Imagine this: Another child has spit milk through a straw directly into your severely milk-allergic child's face. Your child goes into anaphylaxis, having been bullied specifically because of his or her food allergy.
Research shows that about 1/3 of kids with food allergies are bullied by other kids because of their allergies, although usually with outcomes less extreme than the (real) example I just used. These data come from by Eyal Shemesh and co-authors, published in the journal Pediatrics late last year and summarized in The New York Times, where I first learned about it, on June 18.
Robert Wood, chief of the allergy and immunology division at Johns Hopkins Children's Center in Baltimore, noted in the Times article that he gets "very frequent" reports of food-allergy bullying. Seeking some details, I followed up with Wood by email earlier this week.
The spitting-milk incident comes from him — the "worst" he has encountered. Most cases involve milder actions like waving a peanut-butter sandwich at an allergic child.
This spotlight on food bullying is recent, but the phenomenon itself is far from new. Meghan Maloney, who now lives in Virginia, remembers being bullied in the mid-1990s when she was "the new kid" in 7th grade at a small school near Cleveland, Ohio. In an email, she told me:
I believe I was the only student in the whole school with a food allergy. Everyone was informed about my allergy, so all my classmates knew I had a milk allergy, but I don't know if they understood its severity. Being the new kid, I really didn't fit in anyway. One day at lunch, I got up to use the restroom, leaving my lunch on the table. When I returned, several people were snickering and watching me. I reached for my open can of soda to take a drink and at the last second someone said "stop." Several classmates had put a piece of cheese pizza in my soda. And they were very disappointed that I didn't drink from the can.
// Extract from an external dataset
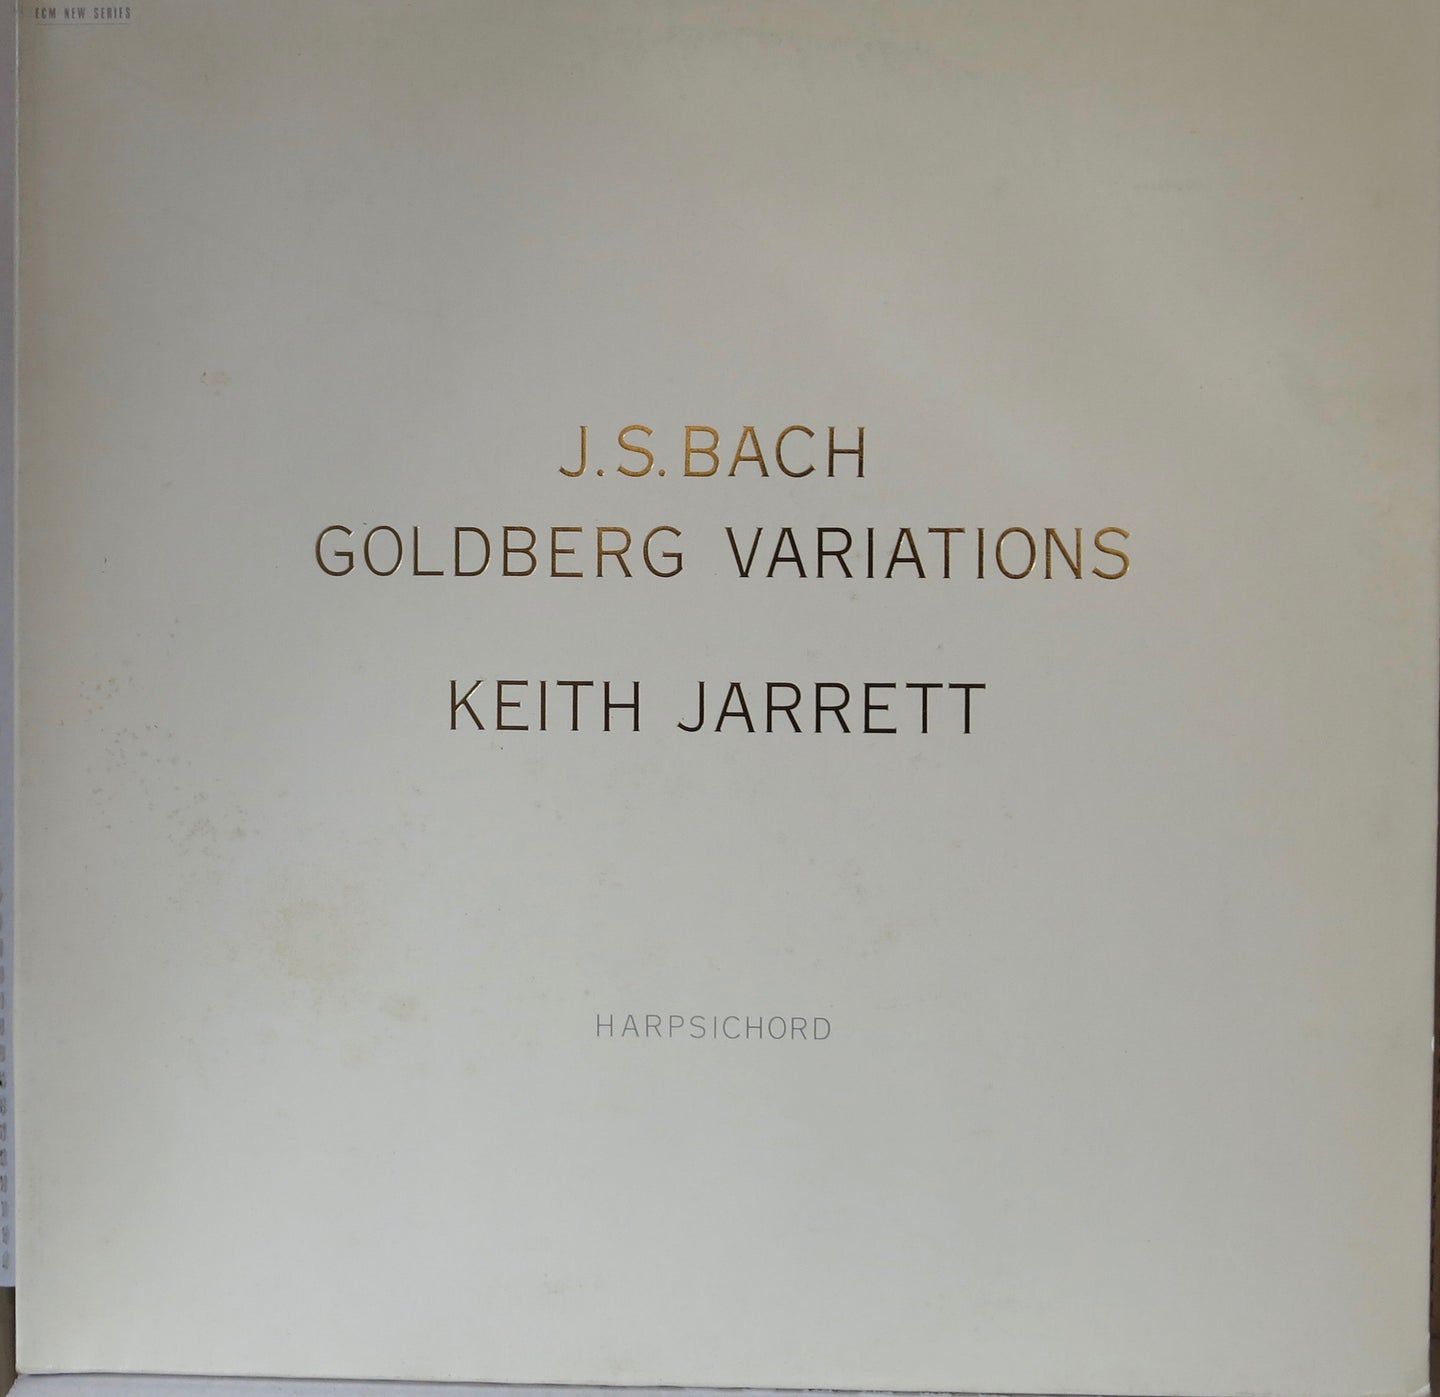 Keith Jarrett - J.S. Bach Goldberg Variations - ECM

Had Maloney sipped her soda, the cheese would almost certainly have caused serious illness; by that point in her life, she already had suffered two instances of anaphylaxis requiring trips to the emergency room. Yet she didn't tell any adult at the school about the bullying, because she so badly wanted to fit in there. She did tell her mother, Mary Jane Maloney, who understandably became angry. And, as the elder Maloney told me in an email, she fully intended to call the school principal and ensure her daughter's classmates were properly educated about food allergies. In the end though, because Meghan pleaded with her not to, she didn't call. Instead, mother and daughter worked out a system of rules about how to safeguard Meghan's food at all times — a system that was successful.
I learned of the Maloneys' experience when I requested input on Facebook for a post about children, food allergies and bullying. When people replied, I learned that some vegetarian kids also reported being bullied. That brand of bullying doesn't result in physical harm, but it surely may cause emotional distress.
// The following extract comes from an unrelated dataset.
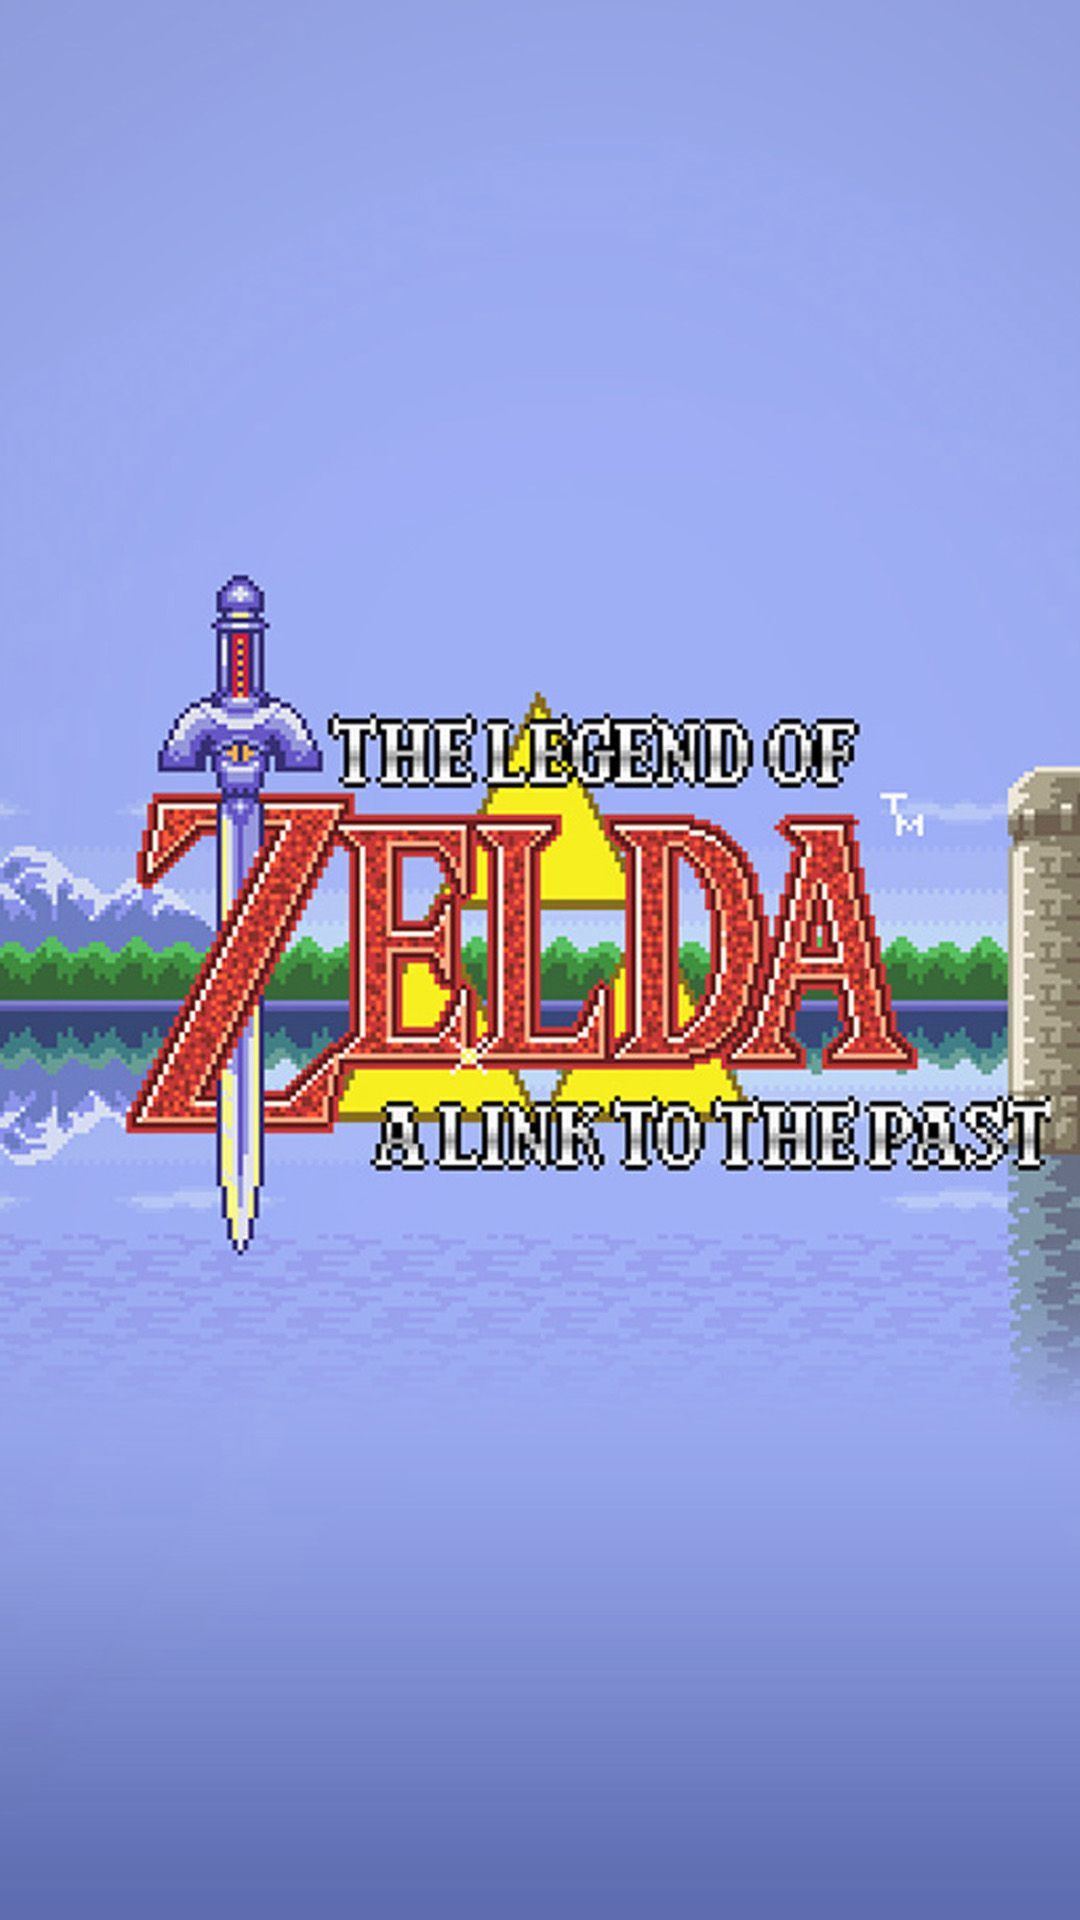 Zelda-02-wallpaper.jpg

What should be done in response to food bullies?
Wood, the pediatric allergy doctor, told me that the answer is the same as for any other bullying:
For the child, tell an adult immediately, keep calm, make sure the bully does not get the desired effect. For the parent, make sure the school is aware and that appropriate action is taken.
And as the Maloneys' comments indicate, some parents take the child's age, responsibility level, and emotional needs into account when choosing a course of action.
Like millions of other people, I too was bullied as a child. But it had nothing to do with food. Girls in our culture don't grow to a height of 5 feet 11 inches by age 13 and escape bullying — at least they didn't in the 1960s, when this child was (alas) already in a socially awkward phase. In any case, I don't think I'm naïve about how mean kids can be to each other, even physically mean at times. Still, the data on food bullying was an eye-opener to me.
I'm wondering: Do bullies who threaten allergic kids really understand the potential consequences of what they are doing, or do they assume that a "food allergy" is as relatively mild as, say, a case of springtime hay fever?
Surely it depends, in a case-by-case way, on the bullying child's knowledge level and age.
But after what I've learned this week about how far kids will go in bullying other kids, I'm half afraid to find out the answer to that question.